I’ve been playing around with flume-ng
and its
HDFS
sink recently to try to understand how I can stream data
into HDFS
and work with it using Hadoop. The documentation for
flume-ng
is unfortunately lacking, so I’ve typed up some quick notes
on how to configure and test the HDFS
sink.
This document assumes that you have Hadoop installed and running
locally, with flume-ng
version 1.2.0
or above.
In this example, the name of our agent is just agent
. First, let’s
define a channel for agent
named memory-channel
of type memory
.
# Define a memory channel on agent called memory-channel.
agent.channels.memory-channel.type = memory
Next, let’s configure a source for agent
, called tail-source
, which
watches the system.log
file. Let us also assign it to the
memory-channel
.
# Define a source on agent and connect to channel memory-channel.

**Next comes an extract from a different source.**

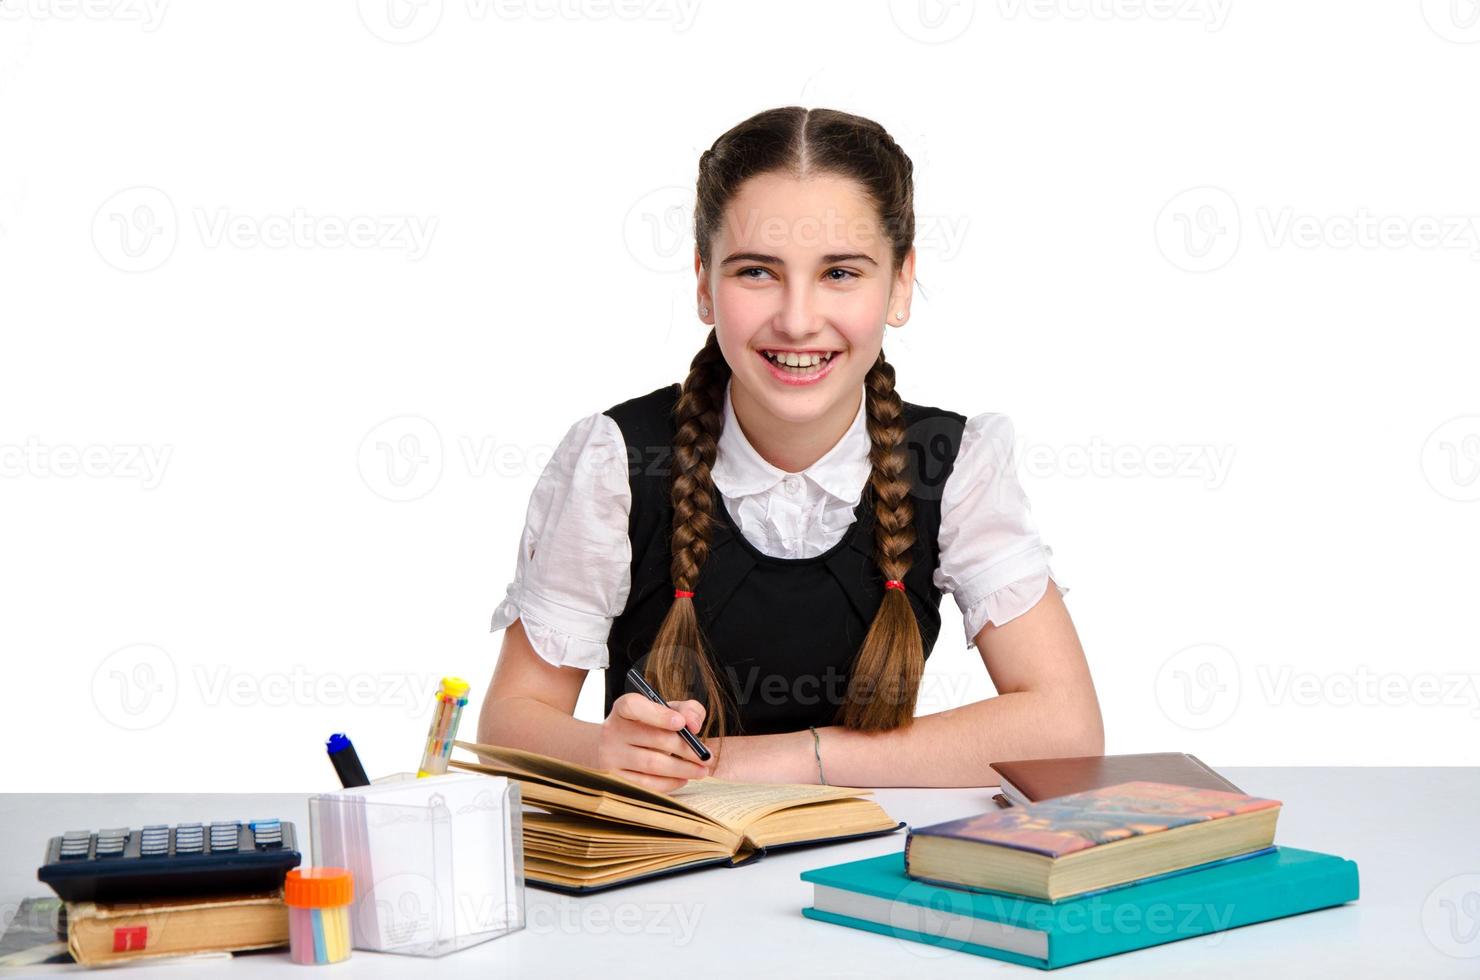 young happy schoolgirl in uniform photo

agent.sources.tail-source.type = exec
agent.sources.tail-source.command = tail -F /var/log/system.log
agent.sources.tail-source.channels = memory-channel
Now, configure two sinks: logger and HDFS
. Then, we specify the path
to the name node for HDFS
, pointing to the output path of where we
want the files stored.
# Define a sink that outputs to logger.
agent.sinks.log-sink.channel = memory-channel
agent.sinks.log-sink.type = logger
# Define a sink that outputs to hdfs.
agent.sinks.hdfs-sink.channel = memory-channel
agent.sinks.hdfs-sink.type = hdfs
agent.sinks.hdfs-sink.hdfs.path = hdfs://localhost:54310/tmp/system.log/
agent.sinks.hdfs-sink.hdfs.fileType = DataStream
Then, we configure the agent’s channels, sources and sinks.
# Finally, activate.
agent.channels = memory-channel
agent.sources = tail-source
agent.sinks = log-sink hdfs-sink
Finally, let’s start the flume agent, logging all output to the console,
and starting agent agent
.
# Run flume-ng, with log messages to the console.
$ bin/flume-ng agent --conf ./conf/ -f conf/flume.conf \
-Dflume.root.logger=DEBUG,console -n agent
Finally, you should see output like this as data is written to the filesystem.
2013-06-18 14:00:49,784 (hdfs-hdfs-sink-call-runner-0) [INFO - org.apache.flume.sink.hdfs.BucketWriter.doOpen(BucketWriter.java:189)] Creating hdfs://localhost:54310/tmp/system.log//FlumeData.1371589249458.tmp
Success!